In the end, Saleh agreed to forfeit $172,706 in profits from the scheme, according to court records.

Saleh was an asset manager the Cook County Land Bank Authority, a government agency that promotes the redevelopment and reuse of vacant, foreclosed, abandoned, and tax delinquent real estate by buying and transferring the property to private ownership.

The agency sold the real estate at below-market rates and prohibited the buyers from selling or renting a property until it was satisfied that the buyer had improved it to the agency’s standards. Authority employees are prohibited from buying property from the agency unless it would be used for the employee’s primary residence.

Prosecutors had asked the judge to sentence Saleh to 33 months in prison.

“Defendant’s conduct as the leader of this scheme was both significant and longlasting. Over the course of 5 years, defendant took repeated, sustained actions to financially benefit himself. Defendant’s crimes were no one-time mistake or lapse of judgment – the fraud was intricately planned, continuously executed over the course of years, and involved several layers of concealment,” prosecutors wrote in a sentencing memo. “The properties that defendant bought from the CCLBA might have instead gone to an individual in financial need seeking to become a homeowner, who could not otherwise afford a home absent the substantial discounts offered by the CCLBA. That home, in turn, could have served to enrich an honest homeowner by providing long-term financial security.
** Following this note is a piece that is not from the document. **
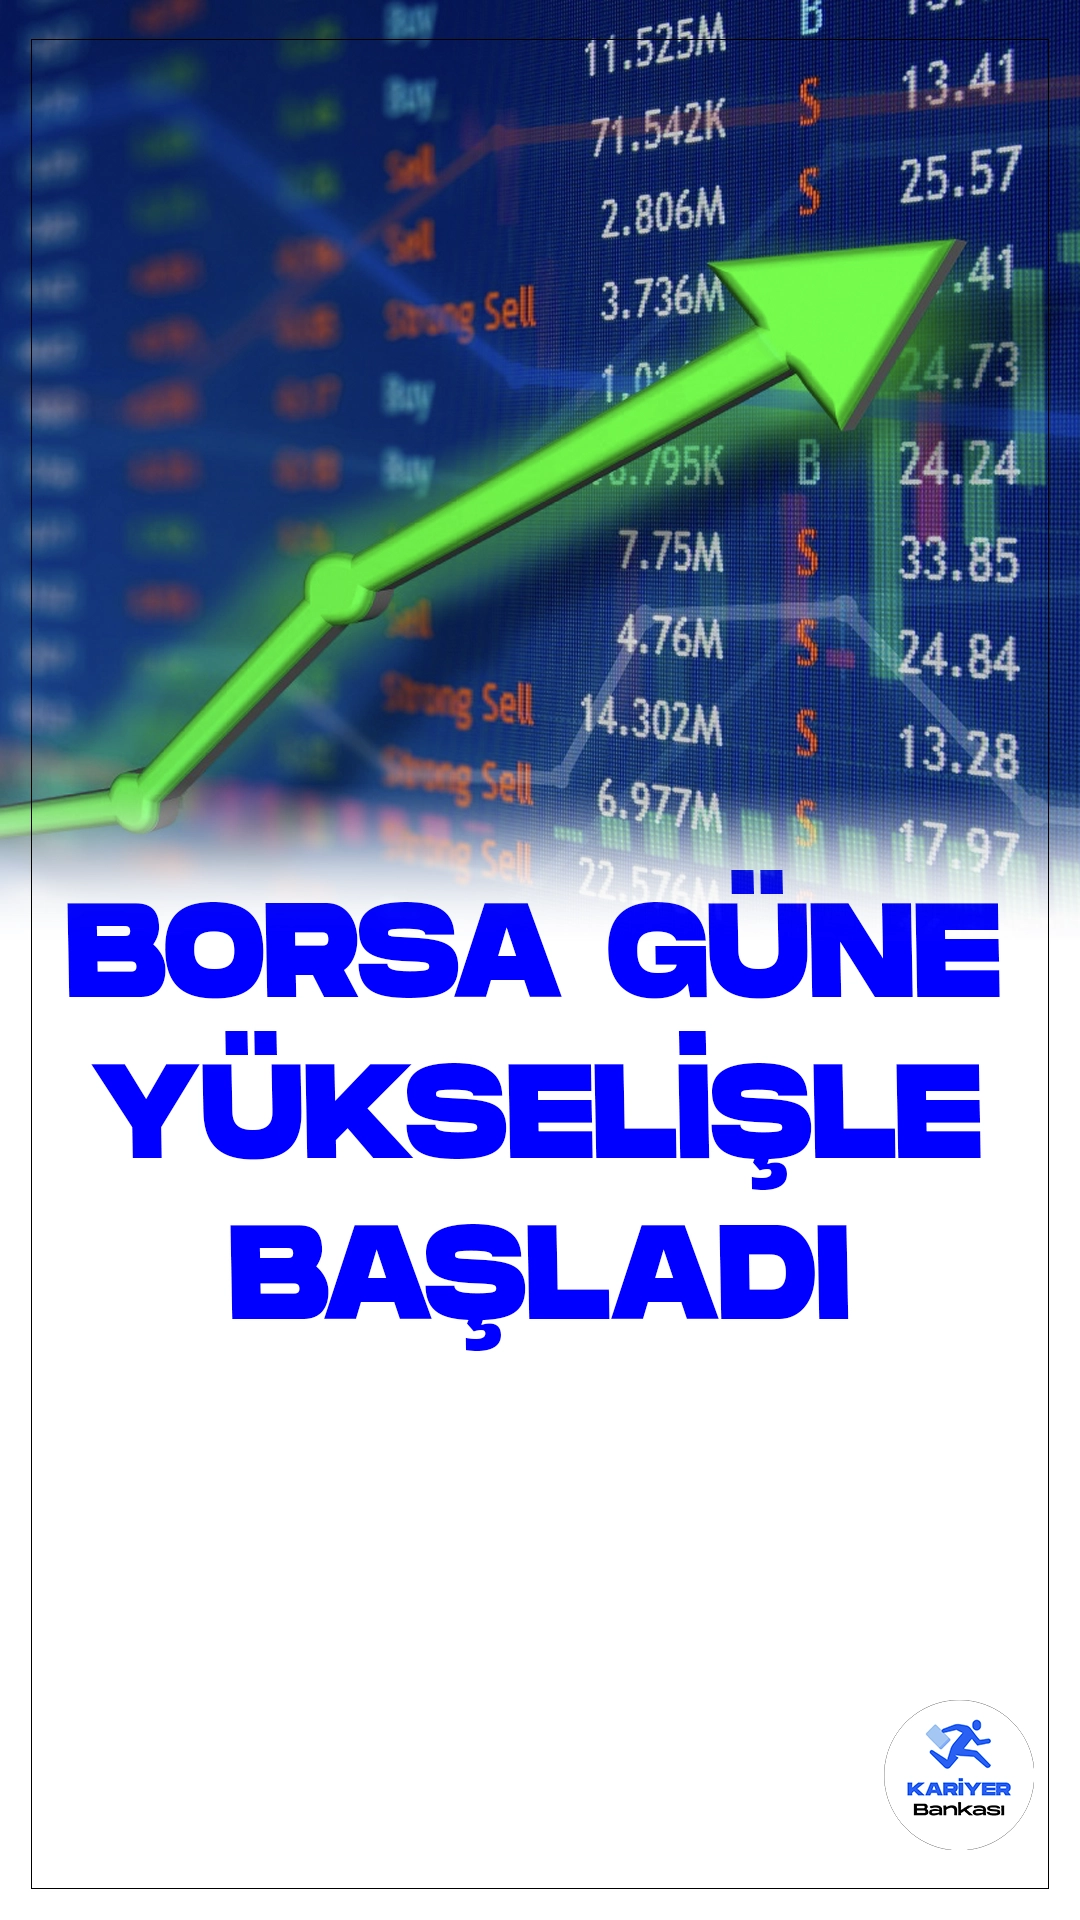 Borsa İstanbul'da BIST 100 Endeksi Güne Yükselişle Başladı.Borsa İstanbul'da işlem gören BIST 100 endeksi, güne yüzde 0,26'lık bir artışla 7.415,27 puandan başladı. Açılışta endeks, önceki kapanışa göre 18,93 puan artarak ve yüzde 0,26 değer kazanarak 7.415,27 puana ulaştı.

Defendant’s scheme not only circumvented the CCLBA’s goal, but also ensured that any financial benefits would not pour into the communities and people he pledged to serve.”

Prosecutors noted Saleh “enacted his fraud scheme to the detriment of an important government organization and the honest individuals whom it was intended to benefit.”

Saleh and his attorney, Damon Cheronis, said he didn’t hurt anyone. In a sentencing memo, Cheronis wrote that Selah “used unfortunate and unlawful means to obtain property,” but said he was a good employee and the communities thrived as a result of his self-dealing.

“To that end, Mr. Saleh completed all the work that any other developer would have performed on the six properties at issue, and fully accomplished the mission of the CCLBA by successfully rehabilitating and returning the delinquent properties back into now thriving community assets,” Cheronis wrote in the memo. “To be clear, Mr. Saleh fully recognizes his actions in this case were both wrong and criminal. By obtaining these properties through artifice he violated the trust of his employers and broke the law. This is the odd case where although the means by which Mr. Saleh committed this crime were complicated, there is no monetary loss to the CCLBA. Ethical violations occurred – to be sure – but true economic harm was not wrought on the county.”

Cheronis did not respond to a message seeking comment.

Jessica Caffrey, executive director of the Cook County Land Bank Authority, said the whole agency was a victim.

“The Cook County Land Bank Authority is grateful to the U.S. Attorney’s Office for its thorough investigation of a former employee,” she told The Center Square. “The CCLBA cooperated fully with the U.S. Attorney’s investigation; the agency, board members, executive directors and other staff were victims of this crime and never the subject or target of this investigation.”

U.S. District Judge Andrea Wood sentenced Saleh to one year and a day in prison and required he give up $172,706.